When using local deployment, all data remains in your environment. Skyvern’s open-source version doesn’t include the anti-bot detection features available in the cloud service, but the core automation logic is identical. If you have licensing questions, you can contact the support team.

Which browsers does Skyvern support?

Skyvern is primarily optimized for Chromium-based browsers (like Google Chrome, Microsoft Edge) and interacts with browsers through Chrome DevTools Protocol (CDP). It supports connecting to both local and remote browser instances.

What if Skyvern gets stuck while executing a task?

Skyvern provides multiple debugging tools:

Live streaming functionality lets you observe the execution process
Detailed task history allows reviewing each operation step
You can intervene in task execution through UI or code
Comprehensive logging helps diagnose issues

How well does Skyvern perform?

According to WebBench benchmark tests, Skyvern achieves 64.4% accuracy on overall tasks, with particularly outstanding performance on “write” tasks (like form filling, login, file downloads, etc.), which are core requirements for RPA scenarios.

Can Skyvern’s behavior be customized?

Yes, Skyvern offers multiple customization methods:

Define output format through data extraction schemas
Define stopping conditions through error codes
Support for custom workflows combining multiple tasks
Integration of custom code blocks

Conclusion

Skyvern represents a significant advancement in the field of browser automation.

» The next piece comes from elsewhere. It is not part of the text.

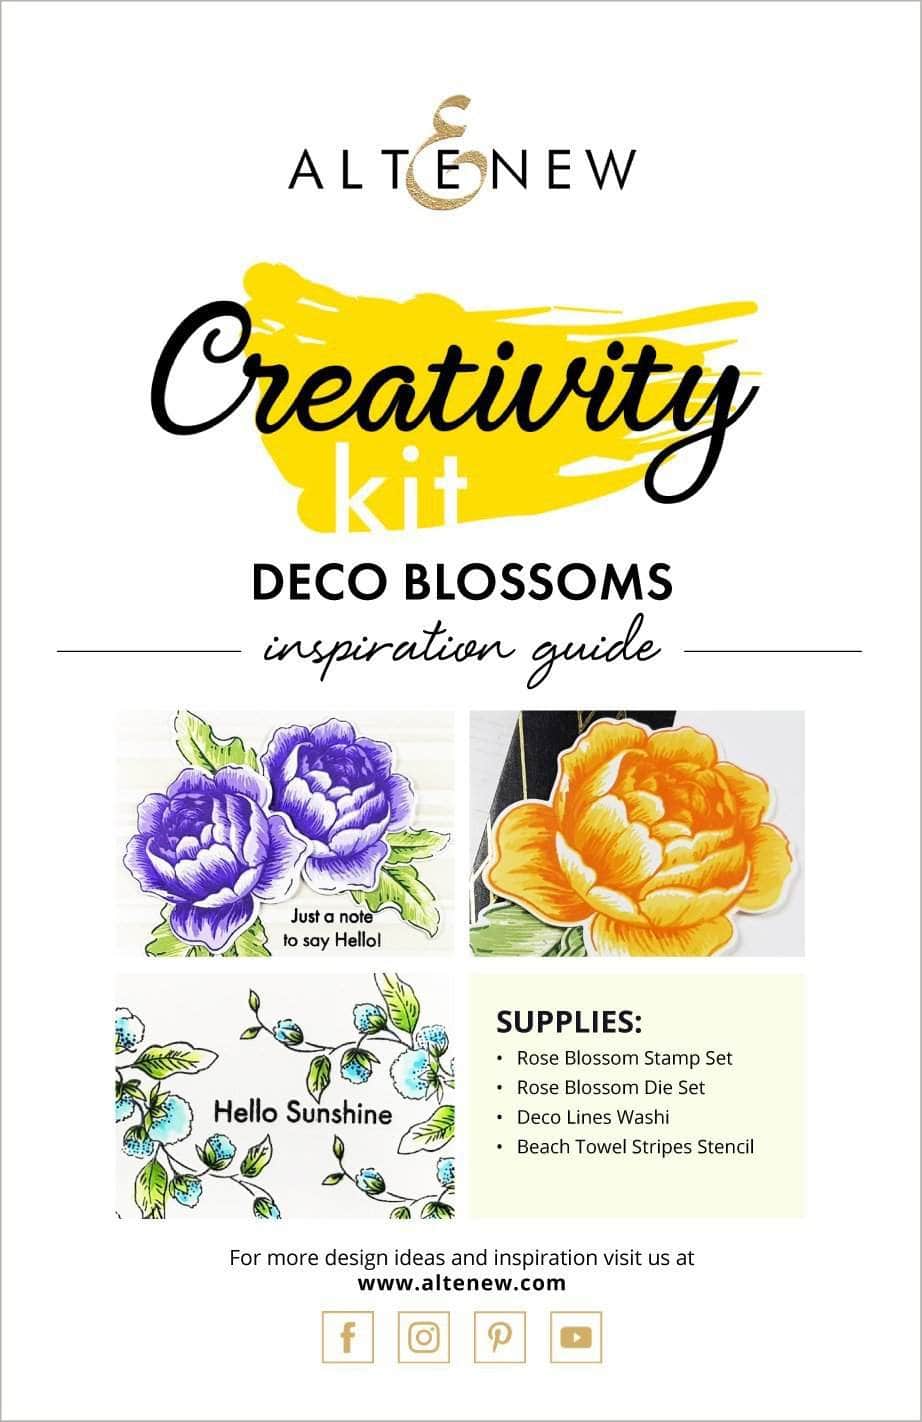 Printed Media Deco Blossoms Creativity Kit Inspiration Guide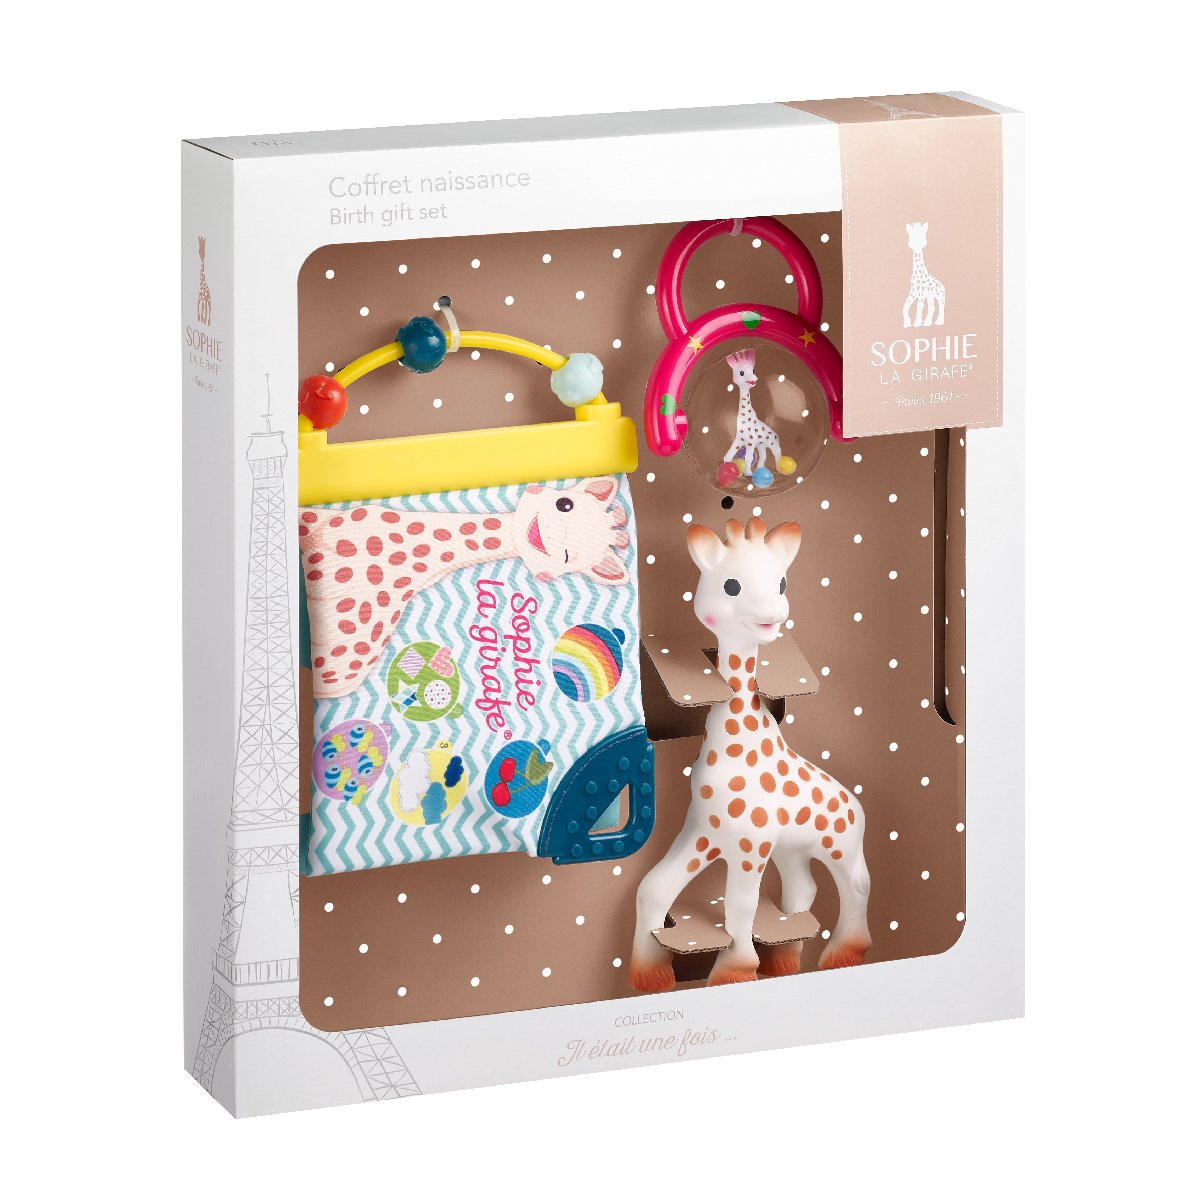 Birth gift set Sophie la girafe

By combining LLMs and computer vision, it addresses the fundamental limitations of traditional automation methods. It doesn’t require writing specific code for each website, can adapt to website layout changes, and possesses the ability to handle complex situations.

Whether you’re a business looking to automate repetitive workflows or a developer seeking more reliable browser automation solutions, Skyvern is worth trying. Its open-source version provides complete core functionality, while the cloud service offers convenience for users who don’t want to manage infrastructure.

As AI technology continues to evolve, tools like Skyvern have the potential to fundamentally change how we interact with web applications, freeing people from repetitive tasks and allowing them to focus on more valuable work.